**About this task:**
Only the lines from the one containing "fc3548ce3 camisa retro" through the last line below belong in your copy; transcribe them exactly and omit any pictures.

**Data:**
——

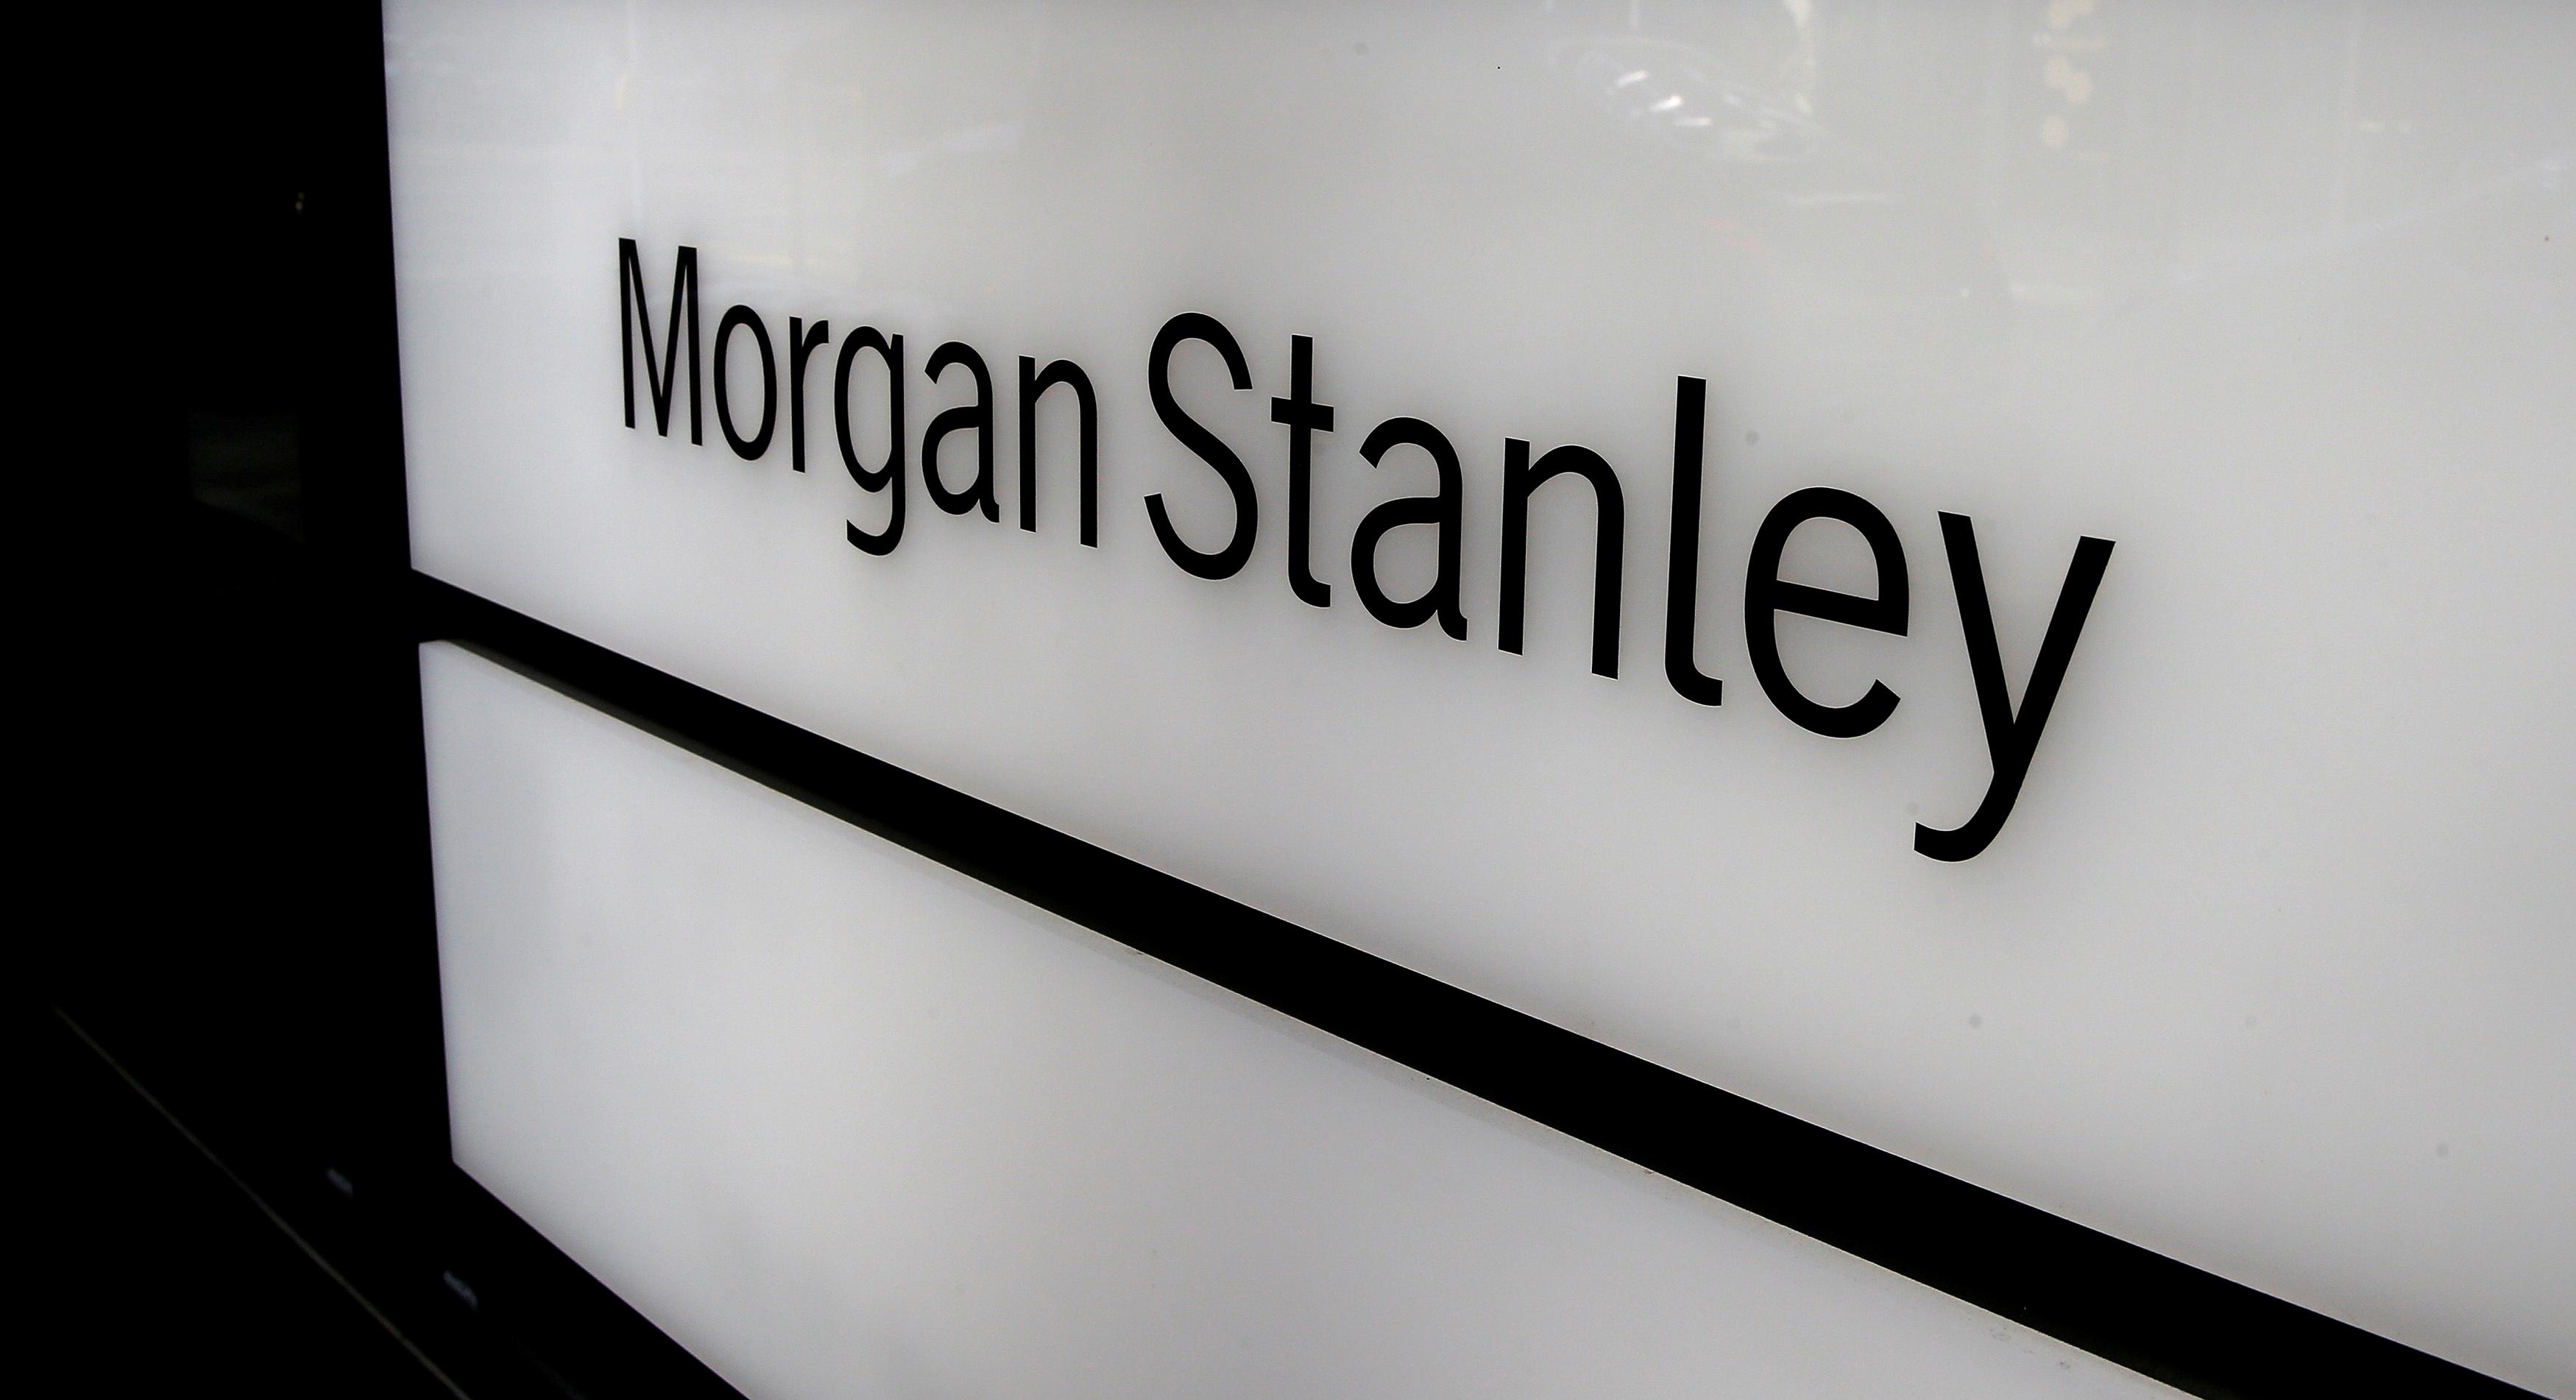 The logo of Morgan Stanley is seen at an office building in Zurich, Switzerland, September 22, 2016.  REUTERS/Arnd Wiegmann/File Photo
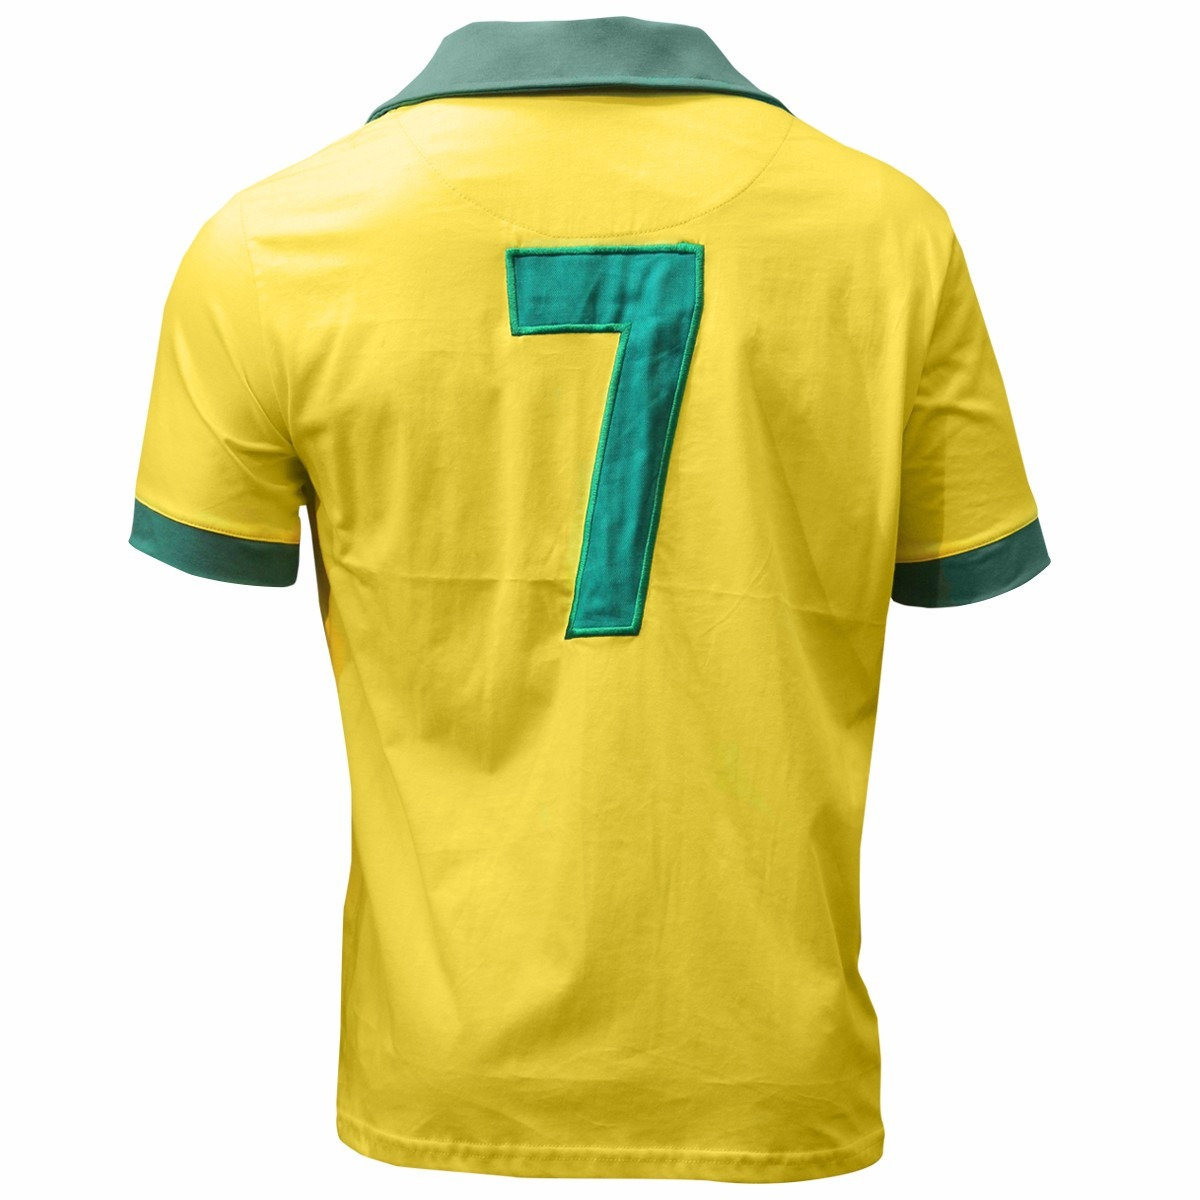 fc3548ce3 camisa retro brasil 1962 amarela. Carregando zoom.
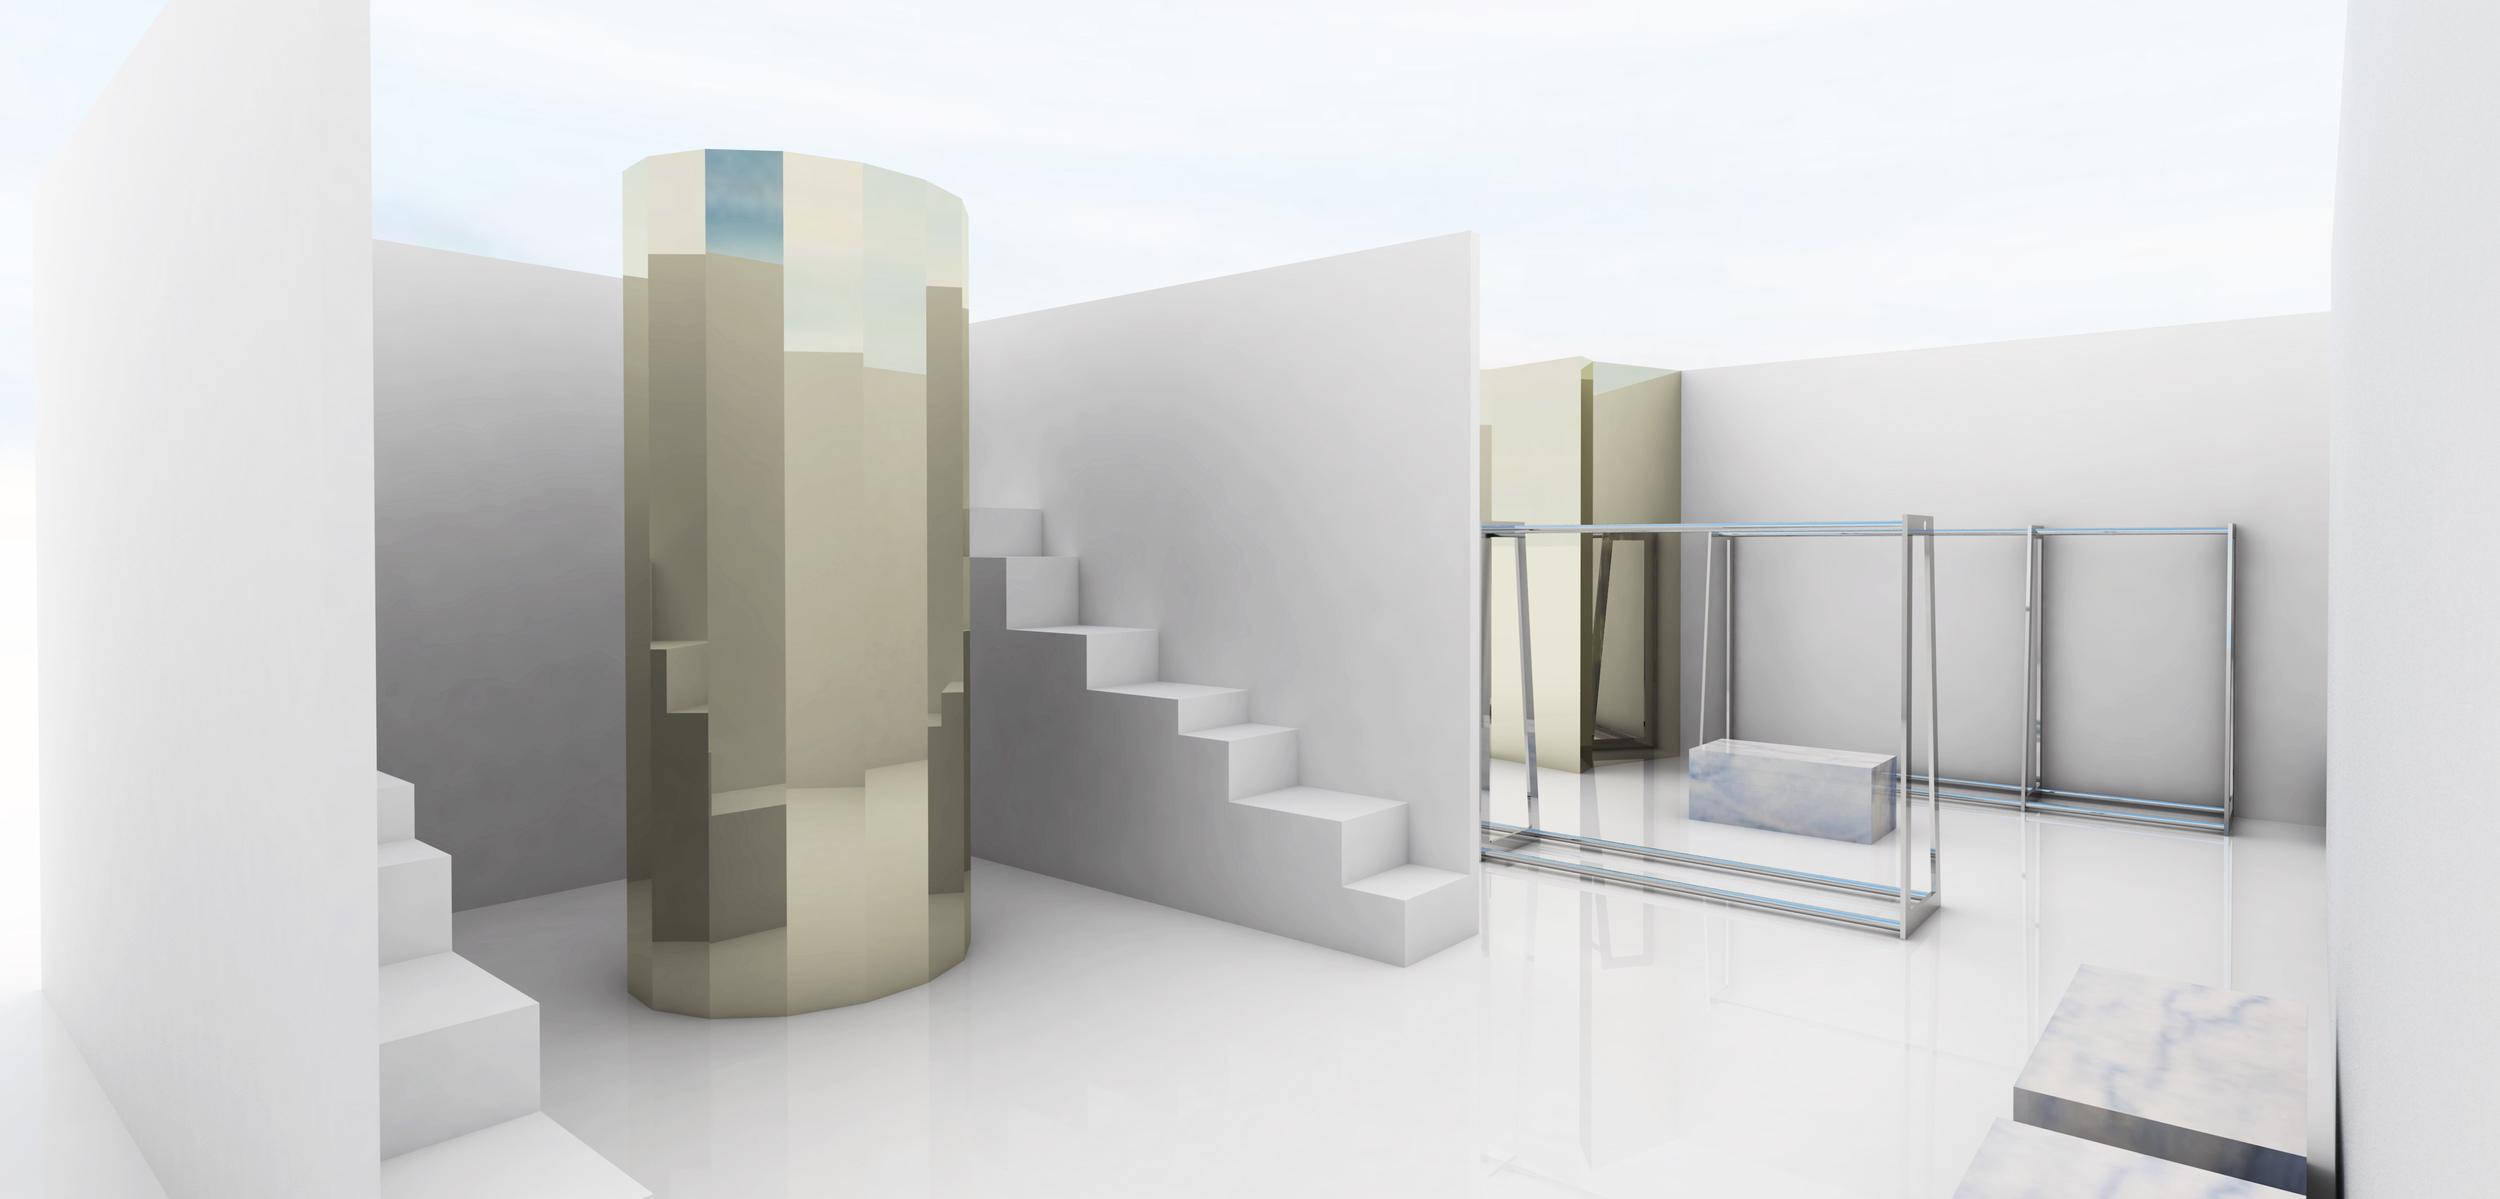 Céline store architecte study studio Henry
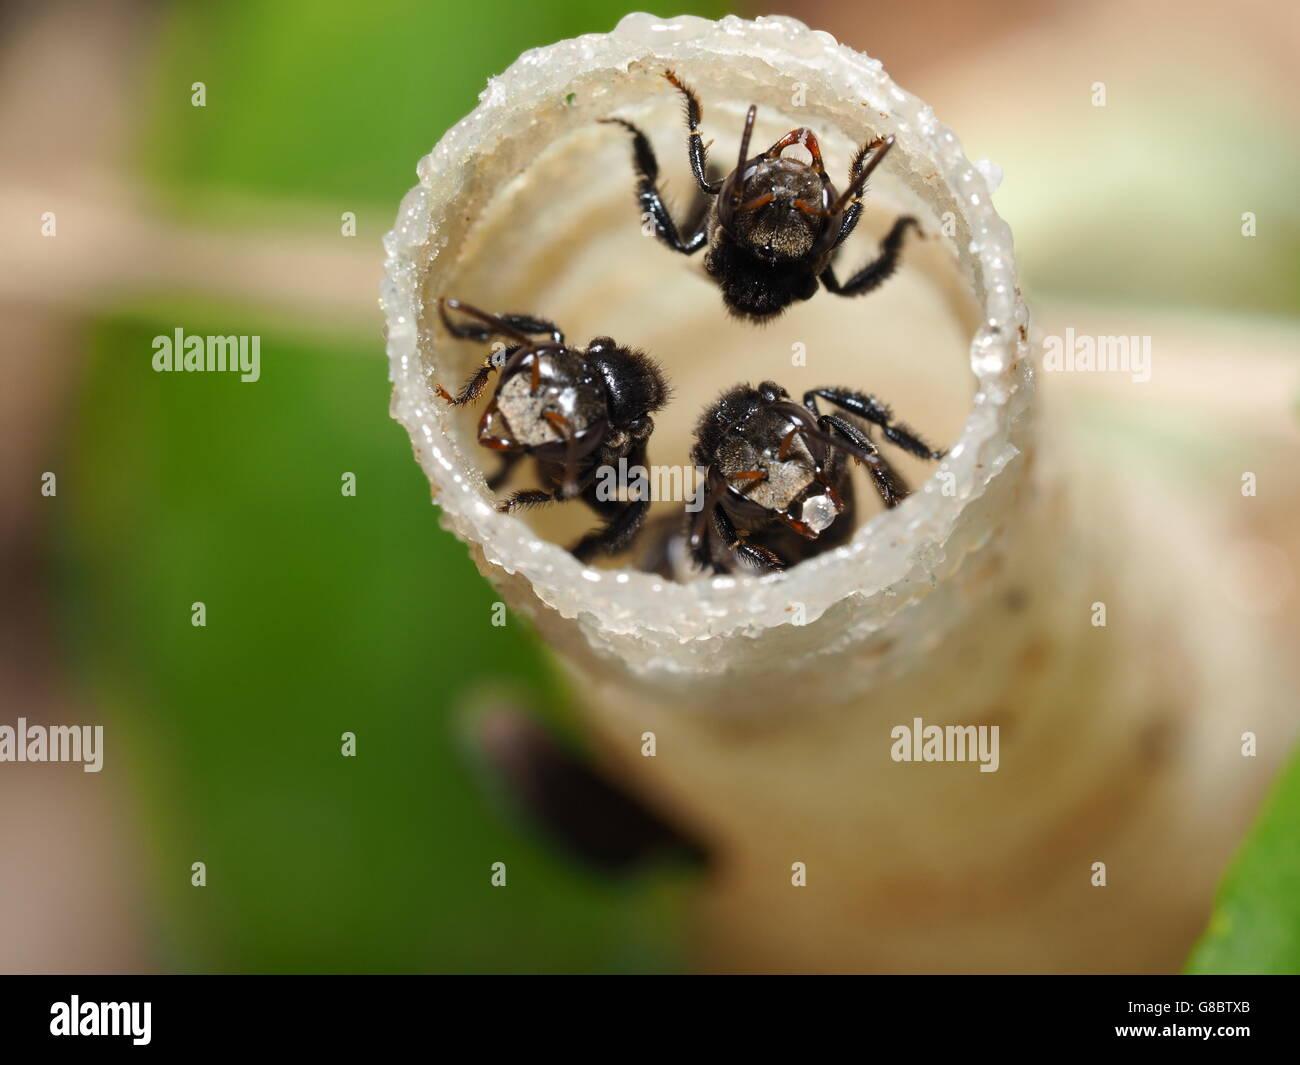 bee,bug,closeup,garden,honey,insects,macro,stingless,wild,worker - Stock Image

——

**Your solution:**
 fc3548ce3 camisa retro brasil 1962 amarela. Carregando zoom.
 Céline store architecte study studio Henry
 bee,bug,closeup,garden,honey,insects,macro,stingless,wild,worker - Stock Image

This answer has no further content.